→ **ASSIGNMENT**: Lines from the beginning of the entries up to and including the one with "Gallo Cabeza Silueta, Agricultura, Animal, Arte" must be duplicated word for word; leave out all others.

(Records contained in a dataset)
┏━━

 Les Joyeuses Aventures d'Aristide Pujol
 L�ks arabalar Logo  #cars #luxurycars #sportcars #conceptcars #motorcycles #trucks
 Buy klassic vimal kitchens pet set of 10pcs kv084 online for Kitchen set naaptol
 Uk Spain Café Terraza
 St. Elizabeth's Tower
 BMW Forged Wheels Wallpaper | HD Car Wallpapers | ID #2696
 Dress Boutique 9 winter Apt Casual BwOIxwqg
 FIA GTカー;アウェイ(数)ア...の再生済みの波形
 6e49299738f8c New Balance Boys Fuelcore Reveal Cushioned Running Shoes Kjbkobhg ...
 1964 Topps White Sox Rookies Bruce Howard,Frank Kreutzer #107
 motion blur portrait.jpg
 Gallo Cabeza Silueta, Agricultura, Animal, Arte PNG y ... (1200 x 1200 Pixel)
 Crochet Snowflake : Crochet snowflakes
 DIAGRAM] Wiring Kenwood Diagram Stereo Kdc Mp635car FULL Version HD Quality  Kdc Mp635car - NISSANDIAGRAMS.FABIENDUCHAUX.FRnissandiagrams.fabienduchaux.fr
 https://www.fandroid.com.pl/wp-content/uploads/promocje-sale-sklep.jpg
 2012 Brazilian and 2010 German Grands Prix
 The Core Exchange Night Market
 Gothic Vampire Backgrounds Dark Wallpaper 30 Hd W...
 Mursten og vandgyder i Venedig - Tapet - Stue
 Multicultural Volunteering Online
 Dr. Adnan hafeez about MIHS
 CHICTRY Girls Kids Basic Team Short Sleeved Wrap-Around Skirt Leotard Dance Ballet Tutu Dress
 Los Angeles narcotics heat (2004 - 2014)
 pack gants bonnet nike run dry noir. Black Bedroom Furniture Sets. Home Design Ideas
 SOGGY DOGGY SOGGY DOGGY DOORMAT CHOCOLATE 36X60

┗━━

→ **ANSWER SPACE**:
 Les Joyeuses Aventures d'Aristide Pujol
 L�ks arabalar Logo  #cars #luxurycars #sportcars #conceptcars #motorcycles #trucks
 Buy klassic vimal kitchens pet set of 10pcs kv084 online for Kitchen set naaptol
 Uk Spain Café Terraza
 St. Elizabeth's Tower
 BMW Forged Wheels Wallpaper | HD Car Wallpapers | ID #2696
 Dress Boutique 9 winter Apt Casual BwOIxwqg
 FIA GTカー;アウェイ(数)ア...の再生済みの波形
 6e49299738f8c New Balance Boys Fuelcore Reveal Cushioned Running Shoes Kjbkobhg ...
 1964 Topps White Sox Rookies Bruce Howard,Frank Kreutzer #107
 motion blur portrait.jpg
 Gallo Cabeza Silueta, Agricultura, Animal, Arte PNG y ... (1200 x 1200 Pixel)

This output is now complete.